The GPU function now computes the same operation in 62.38826 milliseconds:

First, we import autoinit from PyCUDA, which automatically performs all the steps necessary to get CUDA ready to submit the NVIDIA GPU compute kernels. The driver module is imported from PyCUDA to calculate the GPU computation time. PyCUDA's own gpuarray module is imported to initialize the arrays with the GPU. As per the official PyCUDA documentation, evaluating involved expressions on GPUArray instances can be somewhat inefficient, because a new temporary variable is created for each intermediate result. So, we import the elementwise module from PyCUDA, which contains tools to help generate kernels to evaluate multi-stage expressions on one or several operands in a single pass.
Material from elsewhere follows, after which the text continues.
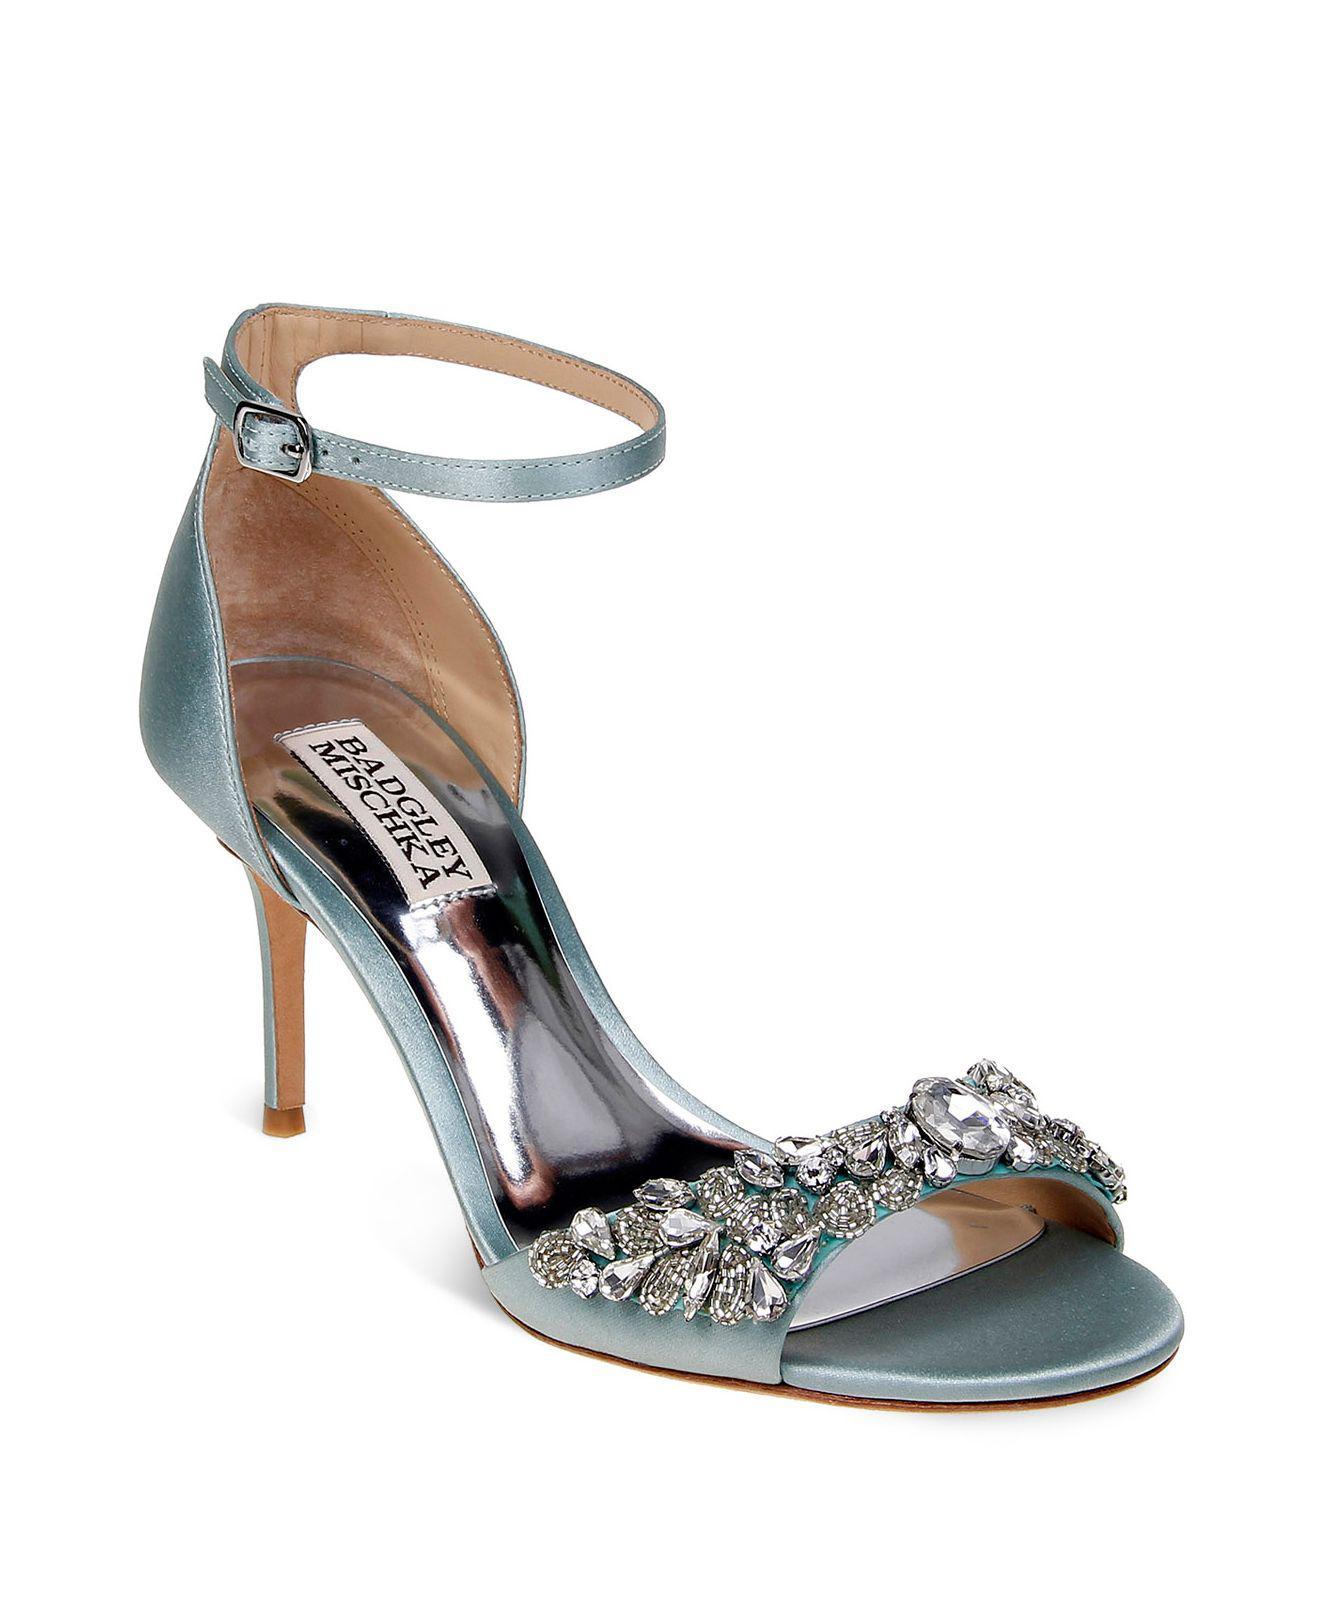 0647d9879be Lyst - Badgley Mischka Bankston Satin Embellished Ankle Strap High ...
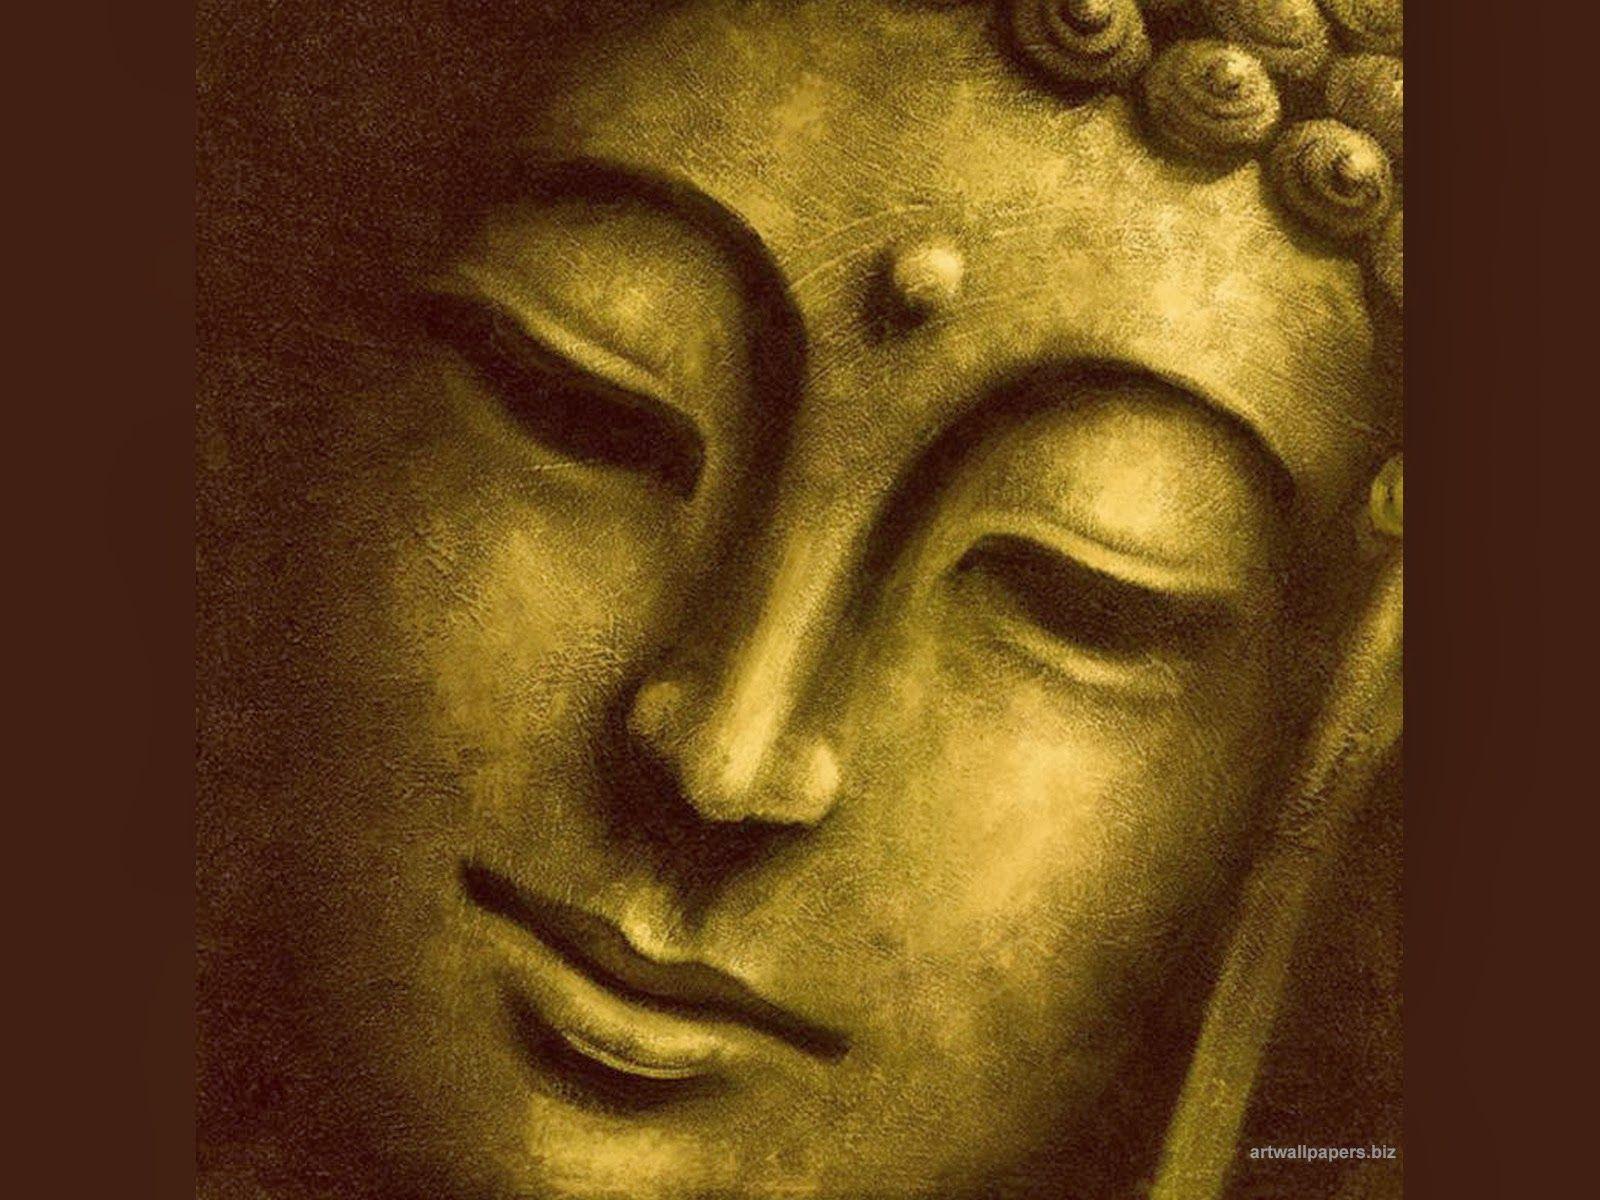 HiNDU GOD Lord Buddha

To understand this a bit better, let's remove the elementwise kernel and try a similar operation but with the gpuarray module:

import pycuda.autoinit
import pycuda.gpuarray as gpuarray
import numpy as np
import pycuda.driver as cudrv

N = 500000000

begin = cudrv.Event()
end = cudrv.Event()
begin.record()
a_gpu = gpuarray.to_gpu(np.zeros(N).astype(np.double))
a_gpu.fill(23.0)
b_gpu=a_gpu*12.0
end.record()
end.synchronize()
pycuda_gpu_time = begin.time_till(end)
random = np.random.randint(0,N)

We now check our new multiplication product value by randomly choosing an index and also reporting the computation time:

print("Choosing second array element with index", random, "at random:", b_gpu[random])
print("\nGPU took %f milliseconds." % pycuda_gpu_time)

The result gets computed in around 2.5 seconds on the GPU:

Even though this code appears to be just like a conventional Python program, it took more than two seconds to complete. So, now we know the significance of using the elementwise kernel.

Now let's come back to addressing the core concept of computing: how can this approach be utilized to solve a computational problem? Let's choose a problem scenario, say in the field of biostatistics, which relates to the statistical study of biological data. Suppose we want to correlate one series of such biological big data with another. With PyCUDA and other GPU-accelerated Python modules, we can compute values to understand the relationship between two biological data arrays by using a statistical formula. After we illustrate our first PyCUDA program, we'll further explore this approach later in this chapter through a real-world example.